During the 2014 Gaza War, the Thai government supported a peaceful solution to the conflict and called on both Israel and Palestine to show restraint. It further stated that it will continue to support both sides, but will not condone terrorist activities by either side.

In 2016, President Mahmoud Abbas visited Thailand and met with then Prime Minister Prayut Chan-o-cha.

== Post-October 7 attacks ==
During the October 7, 2023 Hamas attacks on Israel , 44 Thai citizens were killed, and 31 were kidnapped into the Gaza Strip and held hostage by Hamas. Two of them died in captivity. 23 of the 31 Thai nationals held hostage were released during the November 2023 ceasefire.

As a response to the Gaza War, Thai Prime Minister Srettha Thavisin expressed his deepest condolences to the government and people of Israel, and condemned Hamas' attack. He also put the Royal Thai Air Force on standby to evacuate its citizens if needed. Deputy foreign affairs minister Jakkapong Sangmanee later said that the country's position was "one of neutrality" and that the government favoured "a solution that would allow Palestine and Israel to coexist."

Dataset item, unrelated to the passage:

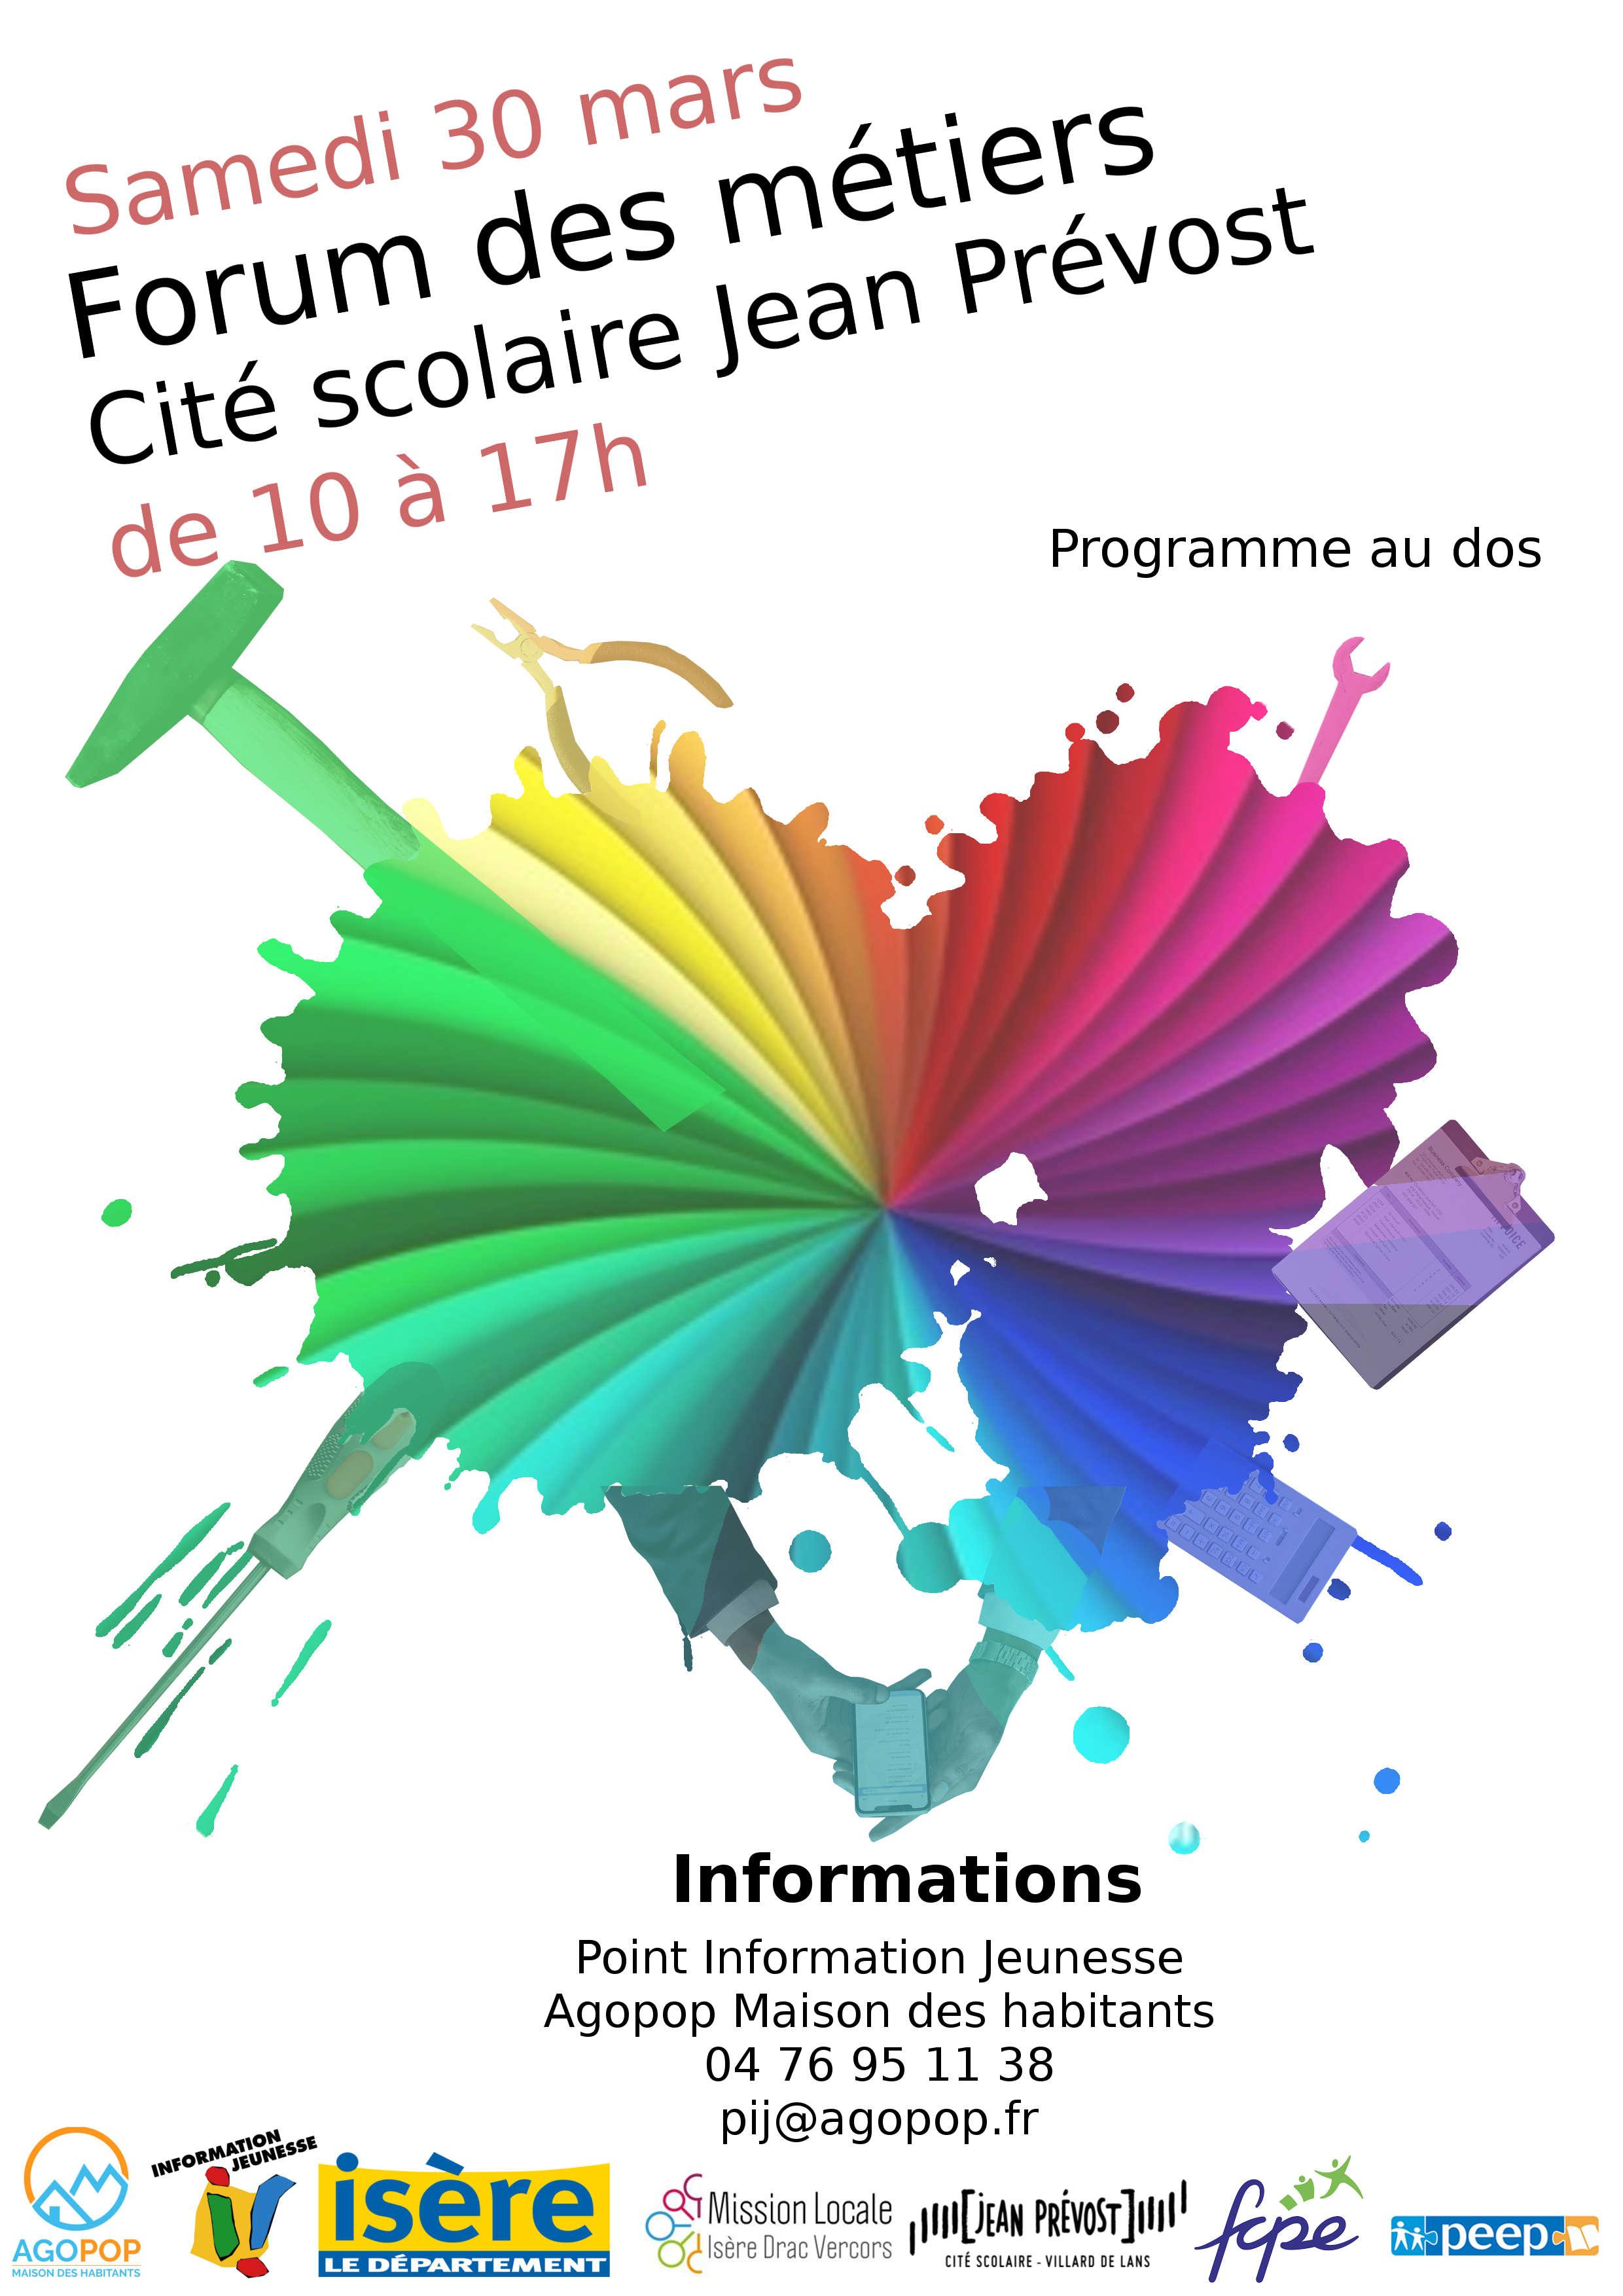 Forum des métiers @ Cité scolaire Jean Prevost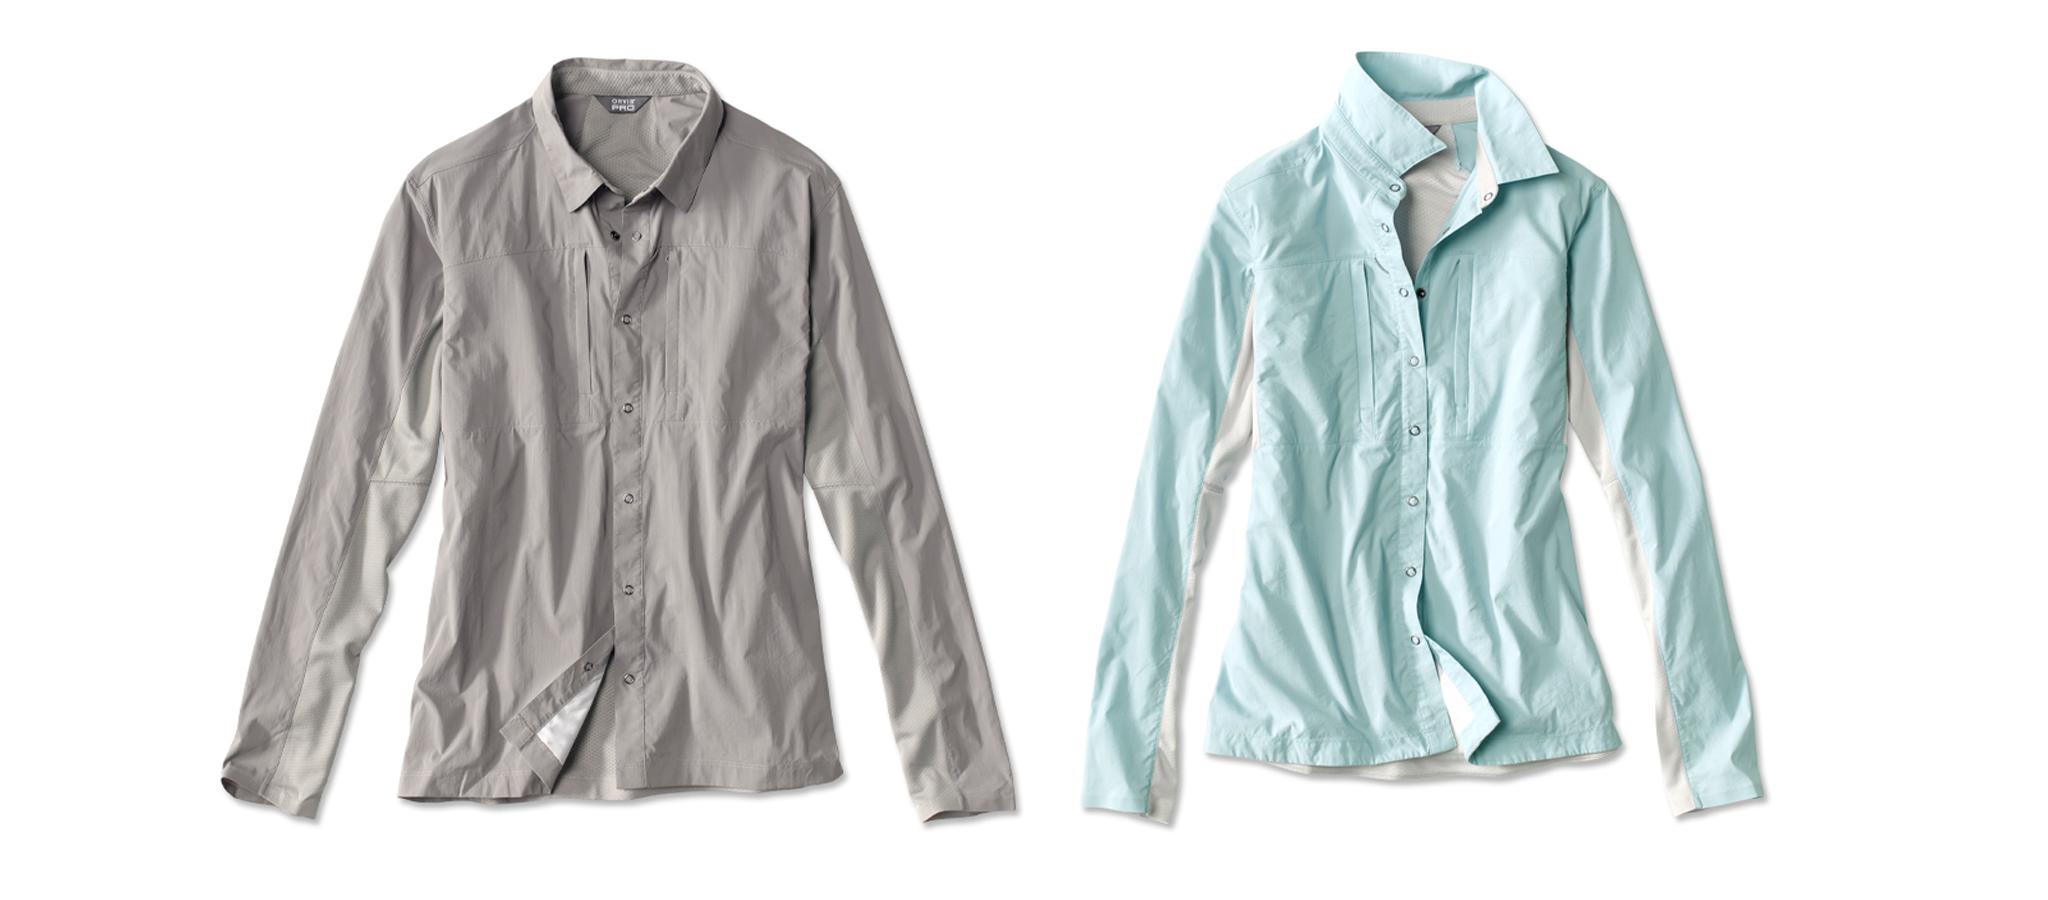 ORVIS-Pro-Hybrid-Long-Sleeved-Shirt

On 27 October 2023, Thailand was one of 121 countries to vote in favor of a General Assembly resolution calling for an immediate ceasefire to the Gaza war.

In order to strengthen bilateral ties, Walid Abu Ali, Palestine's ambassador to Thailand, who resides in Kuala Lumpur, paid a courtesy call on Parnpree Bahiddha-nukara, the Thai government's deputy prime minister and minister of foreign affairs, on 12 January 2024. In addition to expressing satisfaction with the more than 12-year-old connection, both parties stated that they were willing to work toward furthering it in any areas where there may be mutual interest, especially in the promotion of trade and tourism.

In February 2025, five Thai nationals returned home after being held hostage by Hamas.